No final da década de 80, Nestor de Paula e Kasuhiro Kubota montaram uma empresa de comércio exterior de calçados no Rio Grande do Sul e convidaram a executiva a presidi-la. Nos sete anos em que ficou, Angela trouxe missões de federações para o Brasil e levou empresários brasileiros da cadeia produtiva calçadista para o Japão. “Existe um provérbio japonês que diz: é melhor ver uma vez do que ouvir cem vezes”, diz. Dessa forma, foram enviados técnicos para conhecerem o que os japoneses chamavam de qualidade em calçados. Angela passou a desenvolver trabalhos nos Estados Unidos para marcas como Ann Taylor, Anne Klein, Banana Republic e conseguiu trazer a produção de calçados dessas marcas para o Brasil. Atuou também na Itália.

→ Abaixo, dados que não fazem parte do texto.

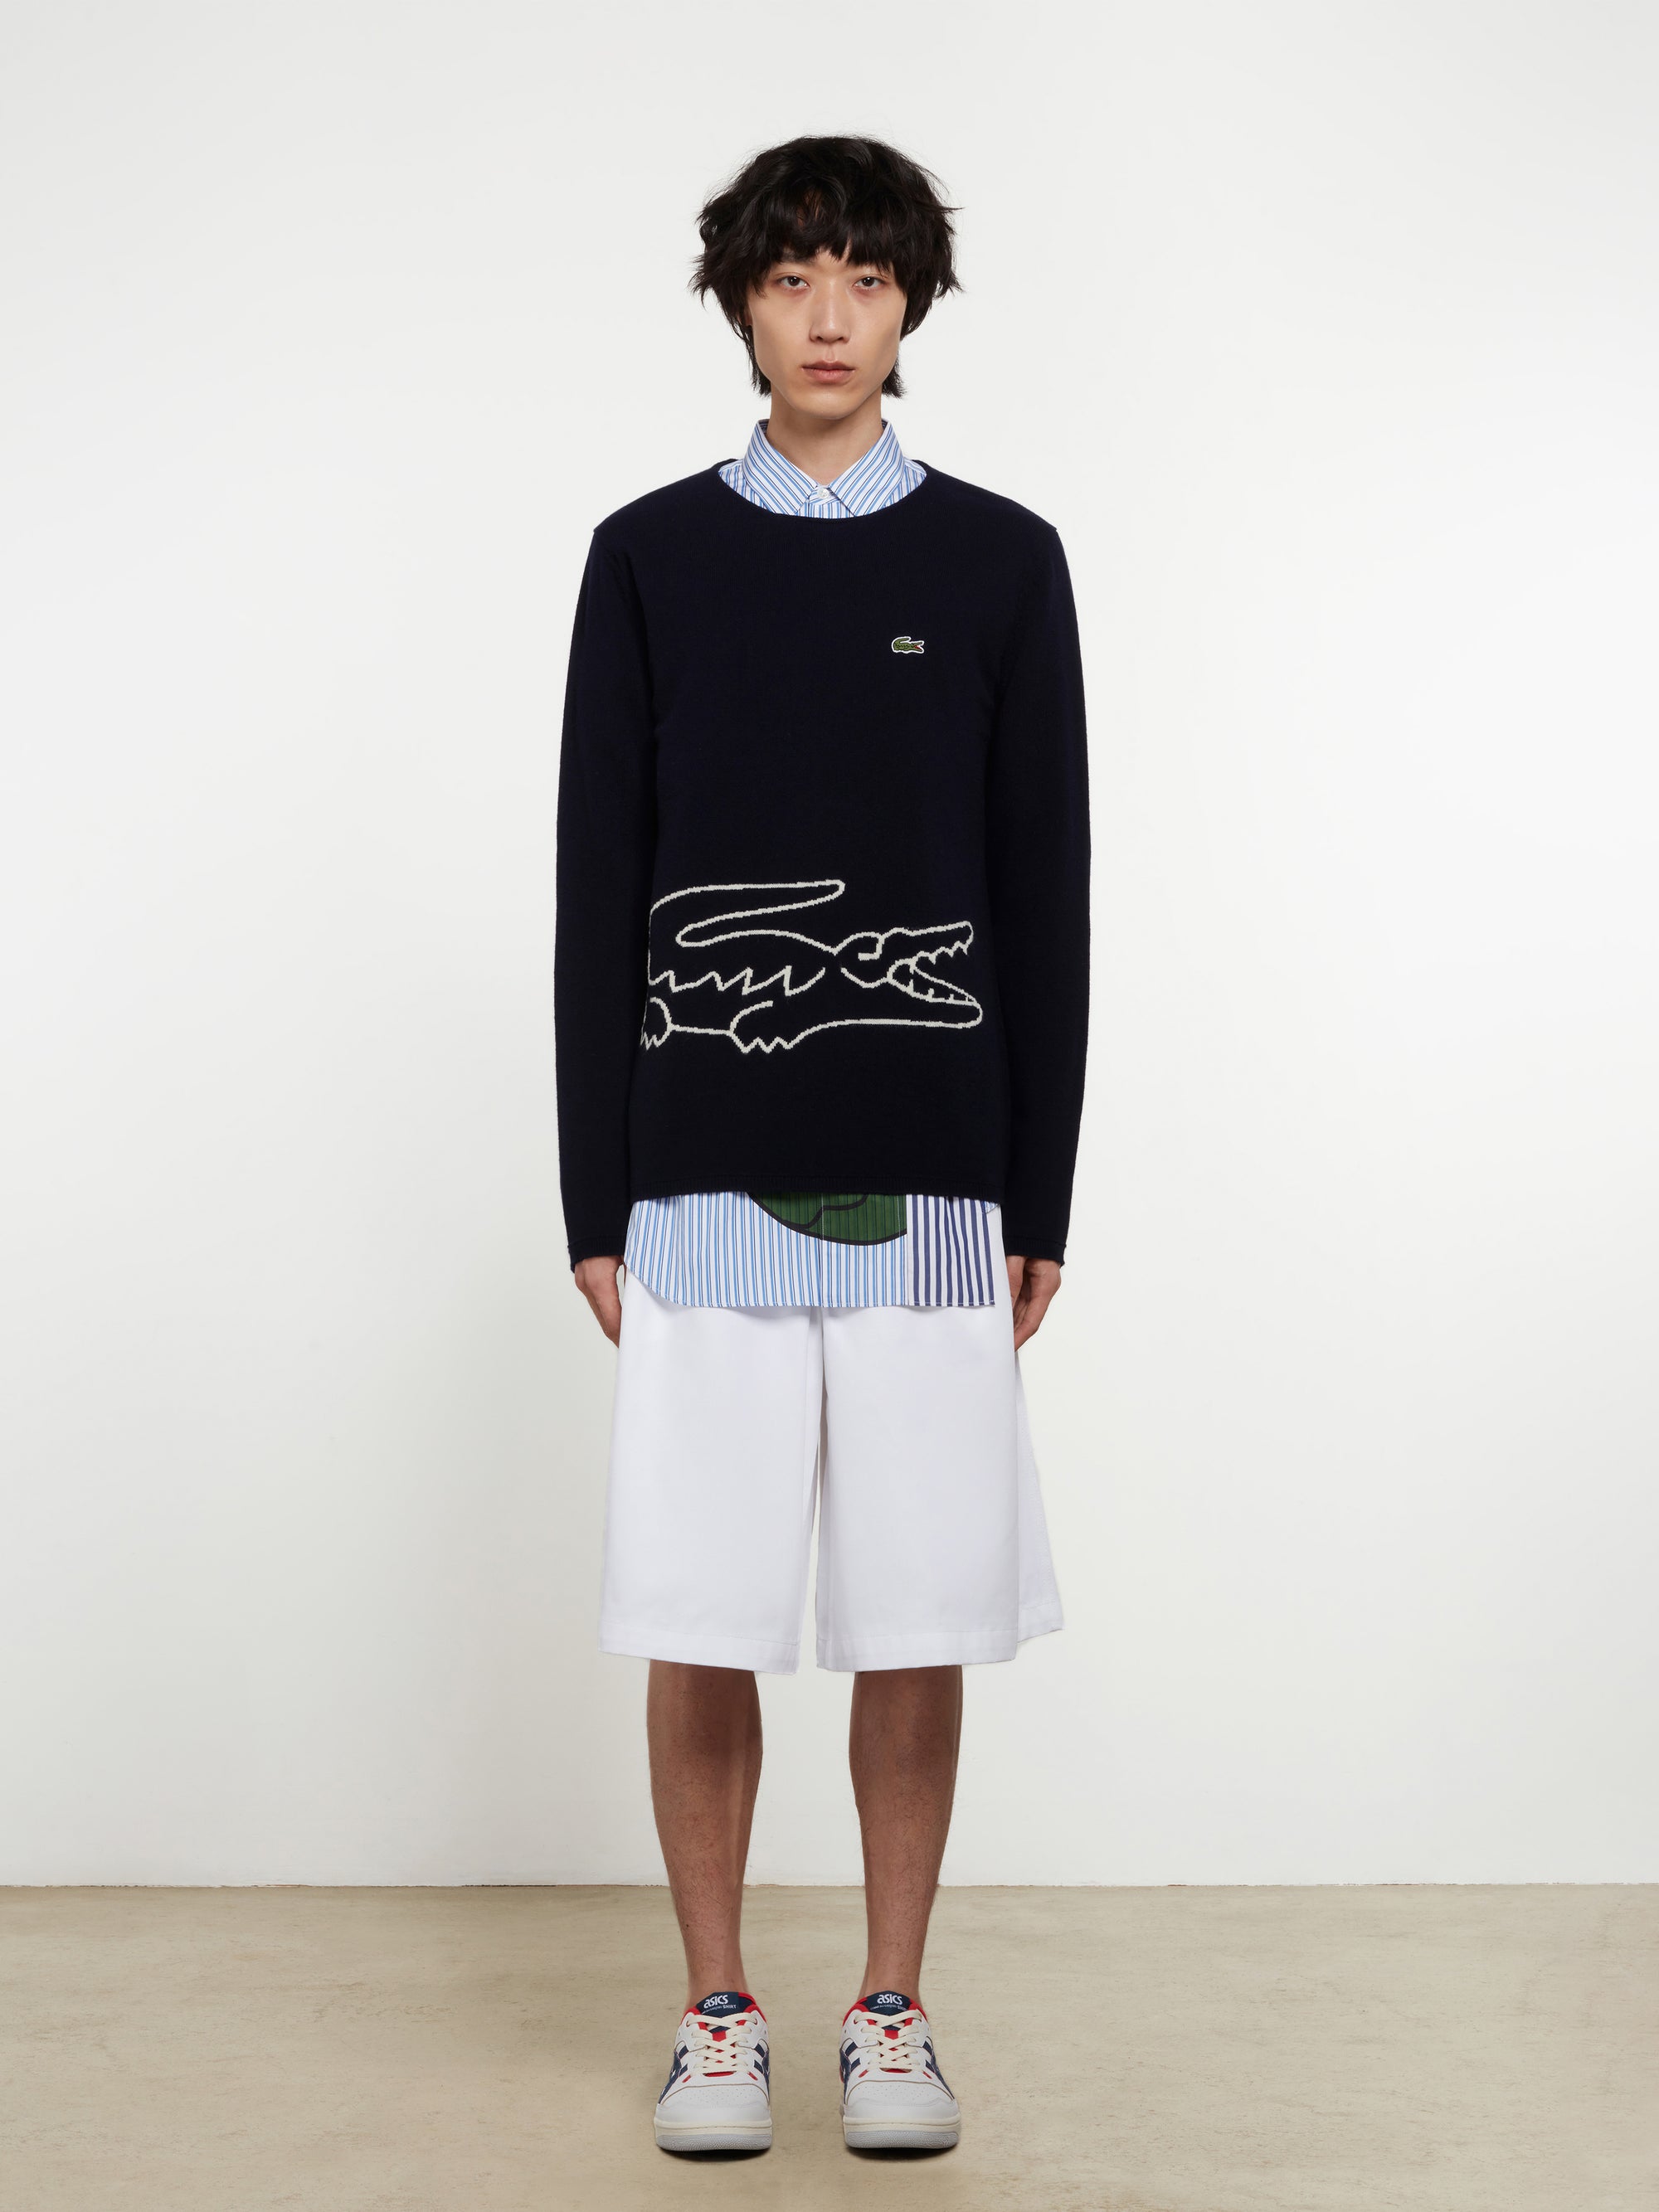 CDG Shirt - Lacoste Men’s Knit Sweater - (Black) view 4

Sua trajetória de sucesso deve-se, em parte, a visão de seu pai. “Meu avô era um bom negociante, meu pai sempre foi muito arrojado e ele sempre dizia assim: ‘vocês não tem que ficar se prendendo somente na vida dentro da colônia, vocês são brasileiros e têm de seguir a vida de vocês, sair dessa redoma. Vocês têm que conhecer nossa cultura, saber suas origens, isso é muito importante, mas não ficar preso na colônia japonesa”, conta Angela, que tem 12 irmãos. Aos 14 anos, foi para um colégio interno em São Paulo. Foi recepcionista aos 18 anos, depois trabalhou em uma editora chilena e também no Diners Club. Sem afetação, Angela prefere não dizer a idade. “Já passei da metade do século”, brinca. Divorciada, tem dois filhos: Emerson Shiromaru, 33, e Lincoln Shiromaru, 25. Como o próprio passaporte denuncia, ela passa 50% do tempo viajando, mas sempre encontra tempo para almoços de domingo com o pai, Takeo Hirata, 85, aqui no Brasil, e para cultivar seu relacionamento de 15 anos com um empresário que mora no exterior. Sua mãe, Sumiyo, faleceu em maio deste ano. Nas horas vagas, gosta de cantar, caminhar e assistir filmes de mistério, no estilo Agatha Christie. “Filmes água com açúcar são muito previsíveis”, afirma. Angela também não dispensa uma boa estação de esqui. “Adoro esquiar, é um momento em que me esqueço de tudo”, ressalta.